Coping with Hair Loss after Bariatric Surgery
By Lisa Shaw, RN, CBN—Certified Bariatric Nurse and Digestive Health Director
Choosing bariatric surgery for weight loss is a difficult decision. You probably tried every diet, lost and gained weight over many years, and finally decided after much thought that bariatric surgery was the best choice to get you on the right track to a healthier life.
In taking this gigantic step to improve your health, it’s important to know about some of the side effects.
Bariatric surgery creates a sudden change in your nutrition and calorie intake. With this, patients experience rapid weight loss but, unexpectedly, most experience hair loss as a side effect as well.
We’re here to ease your mind that this is common and normal. And, it can be managed with help from your bariatric surgeon. Here’s what you need to know.
The Facts about Hair Growth
Human hair has a two-stage growth cycle. Anagen is the growth phase and telogen is the resting phase. In the telogen phase, normal hair loss (shedding) lasts about 3 months on average. This shedding time commonly is shorter in women after childbirth and in newborns about 1 month after birth.

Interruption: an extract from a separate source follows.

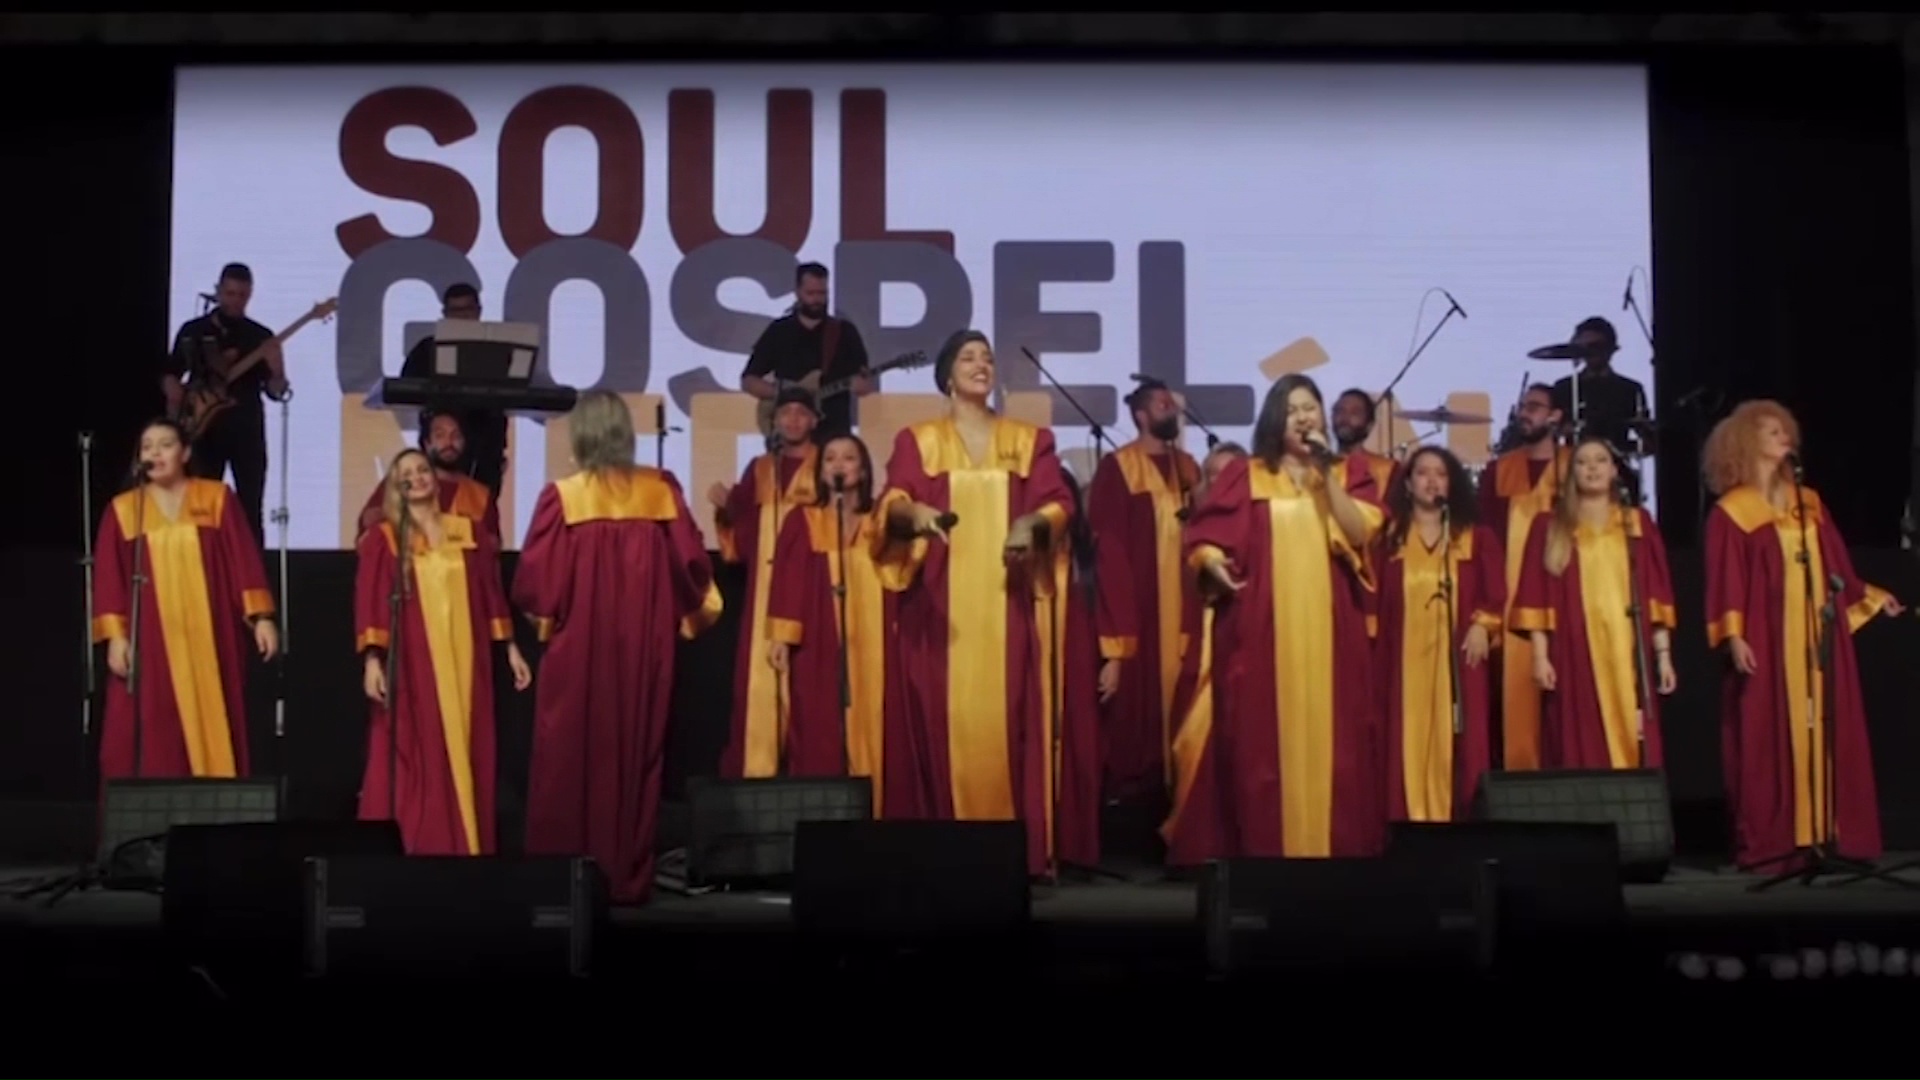 Concierto de Soul Gospel con varios ritmos

Besides childbirth, other factors that affect the anagen/telogen cycle include:
- Any type of surgery
- Sudden or severe illness
- Chronic disease
- Hormonal imbalance (such as hypothyroidism)
- Extreme dieting
- Chronic iron deficiency
- Heavy metal toxicity
- Medications such as beta-blockers, excess vitamin A, and anticoagulants
What Causes Hair Loss after Bariatric Surgery?
Regardless of calorie intake, nutritional deficiencies are typical in overweight and obese people. With the dramatically reduced total calorie intake following bariatric surgery, your body may feel the nutrient struggle even more.

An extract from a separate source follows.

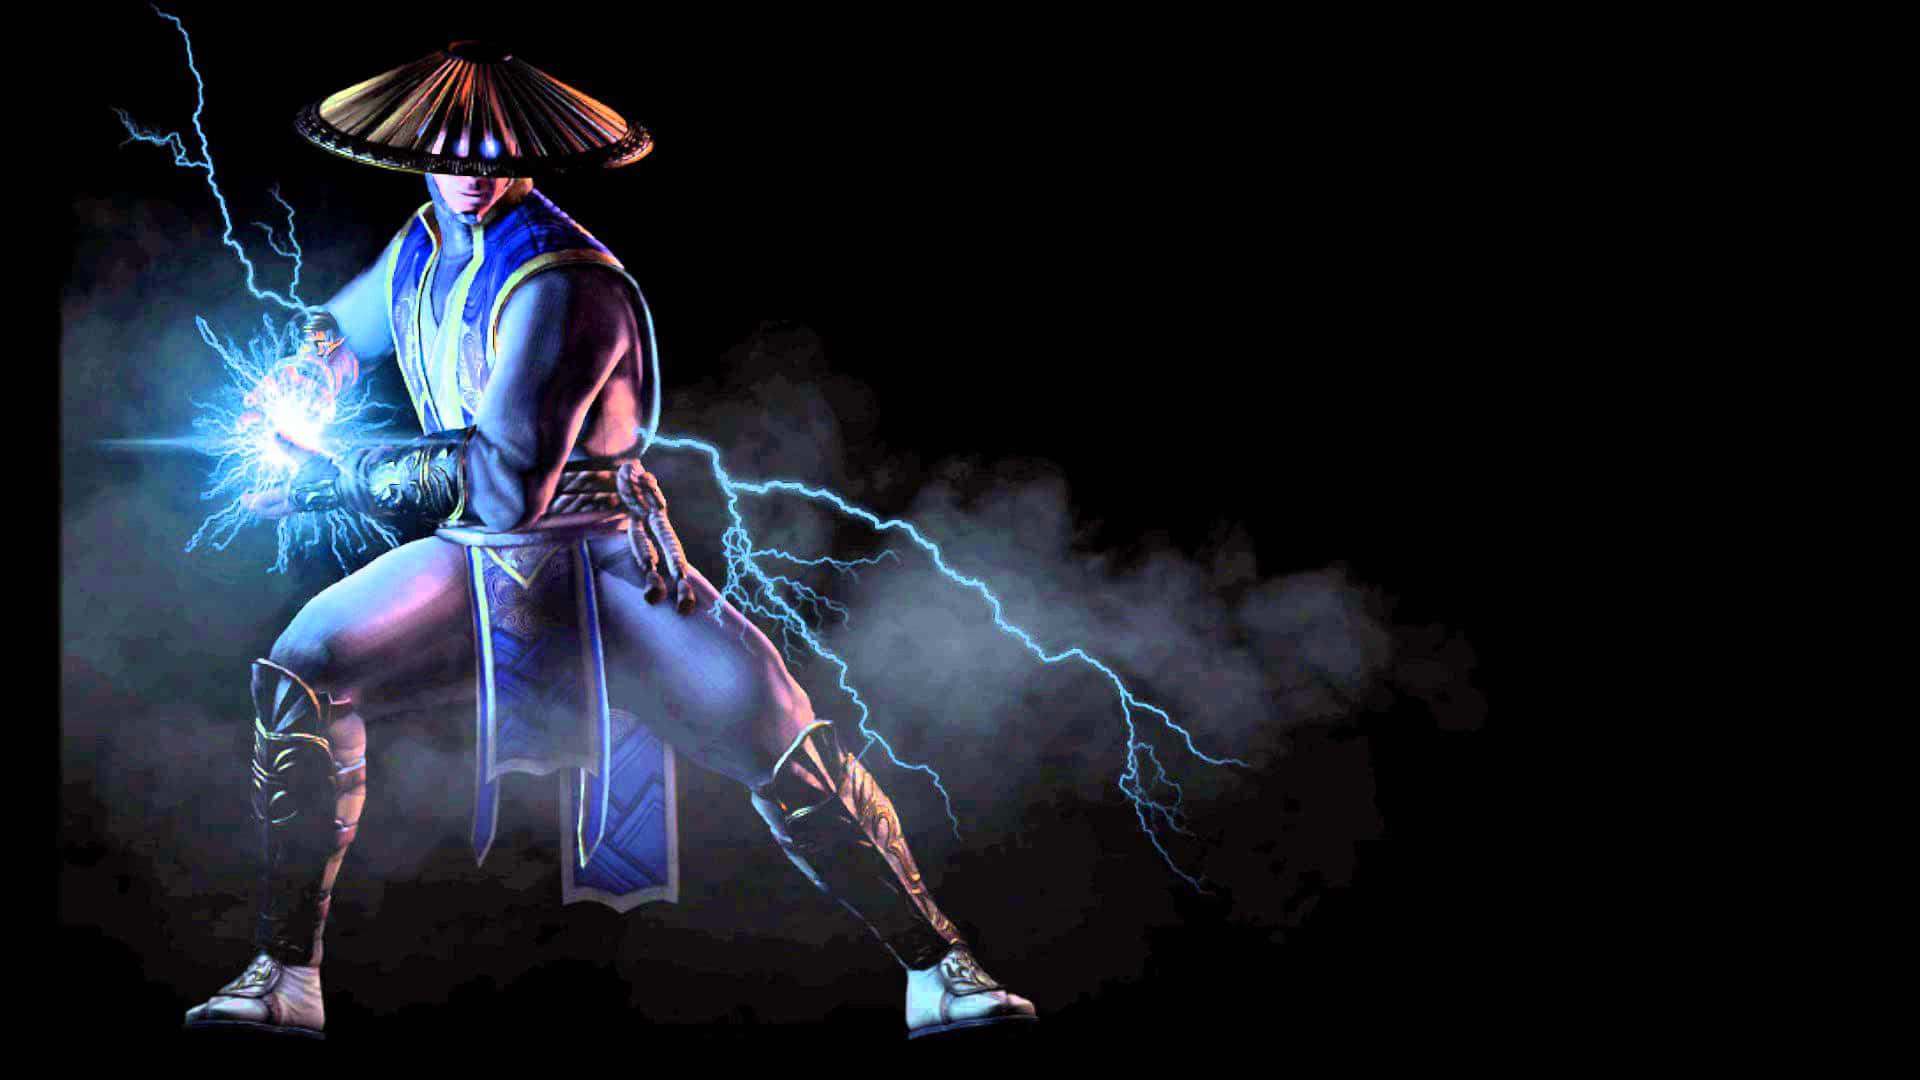 Raiden, the God of Thunder, striking in Mortal Kombat Wallpaper

In the first 6 months following surgery, calories are tightly restricted and can contribute to a decreased intake of all macronutrients, especially protein. In fact, many patients have difficulty reaching the daily recommended protein intake. The body also might experience stress and hormonal changes after surgery.
All of these factors can result in telogen effluvium—a type of hair loss that’s associated with bariatric surgery. It’s common in men and women of all races and occurs during the most rapid weight-loss phase.
Due to the stress of surgery, more hair follicles enter the resting phase. Between 1 to 6 months following surgery, you will most likely shed that hair. In some cases, the old hair follicle is released before the new hair begins to grow.
Tips for Minimizing Hair Loss
Although there are no proven methods to stop hair loss during this phase after surgery, there are supplements like biotin and zinc that help thicken or strengthen hair.
Following the bariatric diet and nutrition program, which calls for limited calories and diverse protein intake on a daily basis, is helpful in preventing long-term hair loss. Of course, you must be cautious not to add too much extra protein or you may not see the expected weight-loss results.
In addition to the nutritional recommendations, it's essential to take a bariatric-specific multi-vitamin with adequate B vitamins, folate, zinc, and biotin. B12 and calcium citrate with a vitamin D supplement also are prescribed.
Regular follow-up appointments with your bariatric surgeon are important to ensure that your vitamin and mineral intake and your blood levels are normal. These visits also help minimize side effects, and they’re essential to long-term maintenance after surgery.